China has been searching for suitable corporate forms since 1978 (Nee, 1992). Reformers studied Japanese and Korean business groups and were impressed by their evident capacity to absorb new technology, deliver stable financial performance, and achieve international competitiveness (Ma & Lu, 2005). Reformers believed that business groups might accomplish the same objectives for China. Beginning in 1987, the state signalled that it would favour the reorganization of SOEs into recognized business groups. What followed was a rampant business group fever (Hahn & Lee, 2006), resulting in a dramatic growth in the number of business groups. While the number of registered business groups reached some 7,000, most were small and lacked coherence (Wu, 1990).

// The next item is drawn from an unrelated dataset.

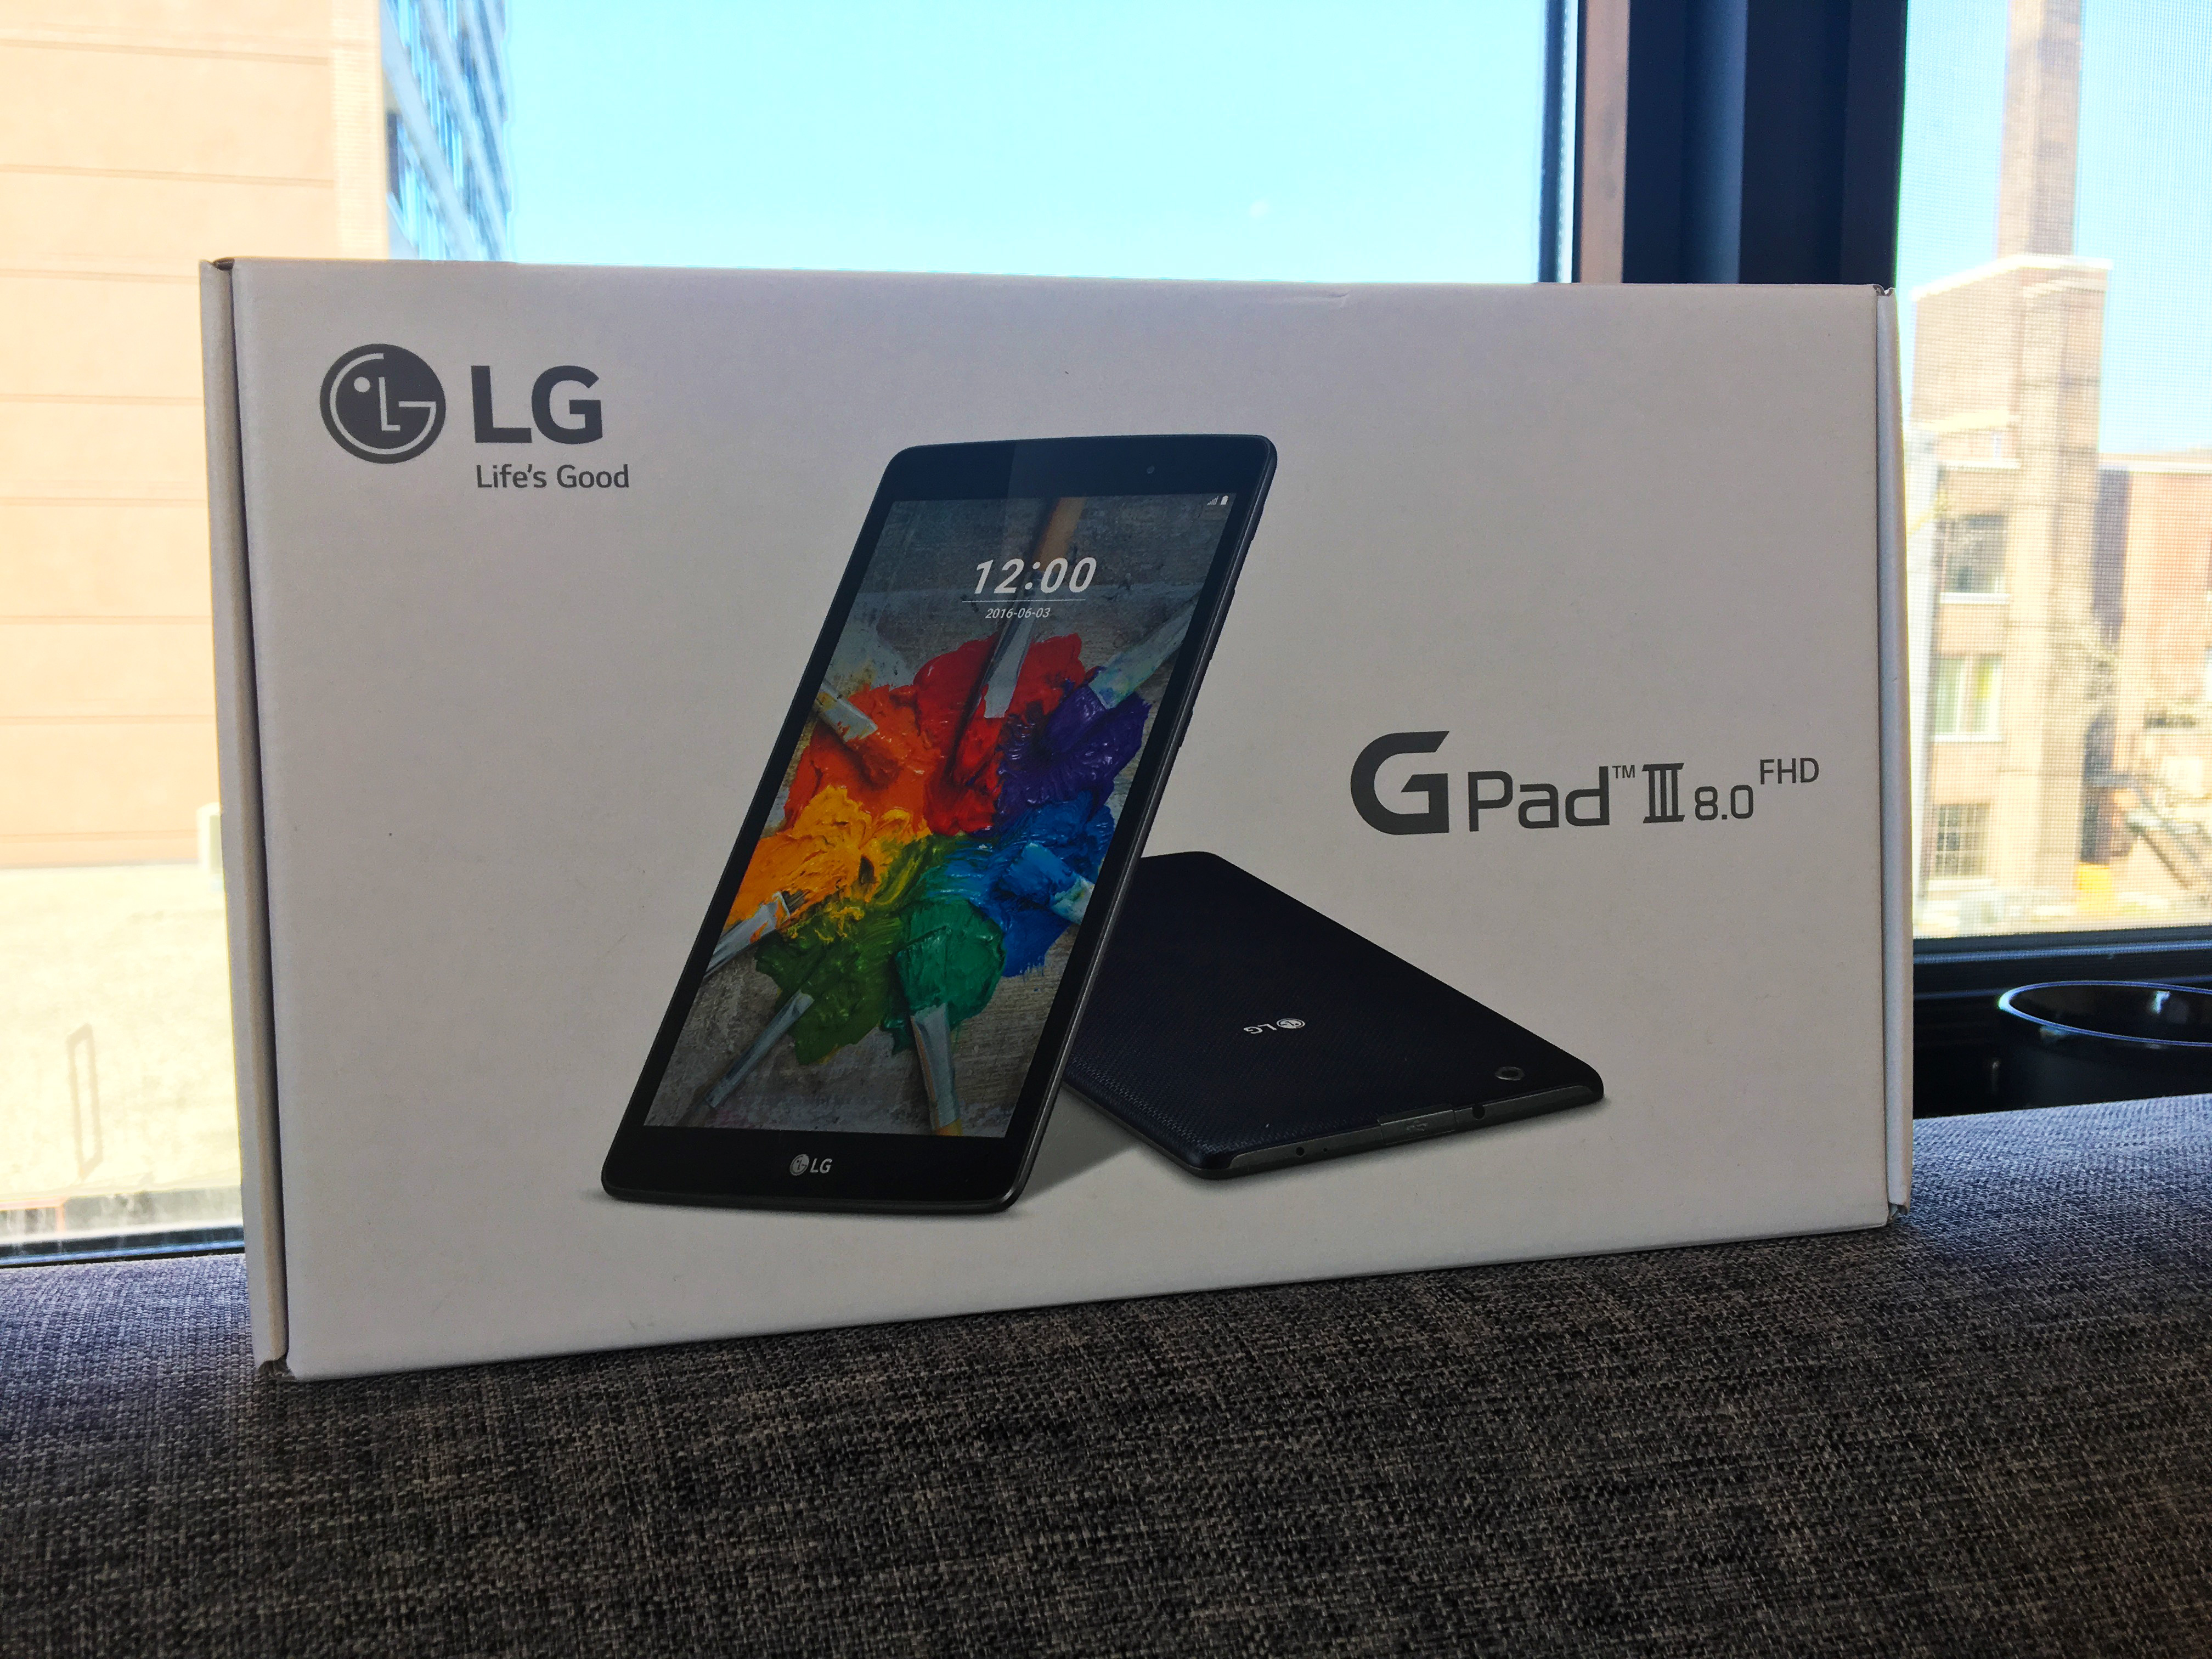 LG G Pad III 8.0 tablet box

To achieve reformers' policy goals, it was evident that significant consolidation was required. In 1991, China's central legislative body, the State Council, identified fifty-seven large groupings described as the National Trial Groups. These state-owned groups were entrusted with a complex socio-economic mission of leading a particular sector into international markets and, at the same time, absorbing a number of underperforming enterprises in return for favourable access to capital and protection from competition (Nolan, 2001). The experiment was judged a success and encouraged the State Council to select a second batch of sixty-three trial groups in 1997. Together these groups are colloquially known as the ‘National Team’ (Nolan, 2001). Yet, despite reformers' efforts at consolidation, business groups continued to proliferate. China is a decentralized federal state with significant responsibility for economic affairs delegated to provinces and large municipal governments. Each provincial government sought to mimic the national policy initiative by organizing local enterprises into a second tier of regional business groups. As reforms proceeded, SOE managers were frequently able to buy-out their enterprises, often at very low prices, and de novo groups founded by private entrepreneurs appeared. In this fashion, numerous private business groups began to emerge on the fringe of the economy. Private business groups (PBGs) are controlled and operated by founder-entrepreneurs, their families, and trusted business partners. As relative newcomers on the economic scene, they have not yet received much attention from researchers, and, due to differences in their ownership, PBGs merit separate consideration (Almeida & Wolfenzon, 2006).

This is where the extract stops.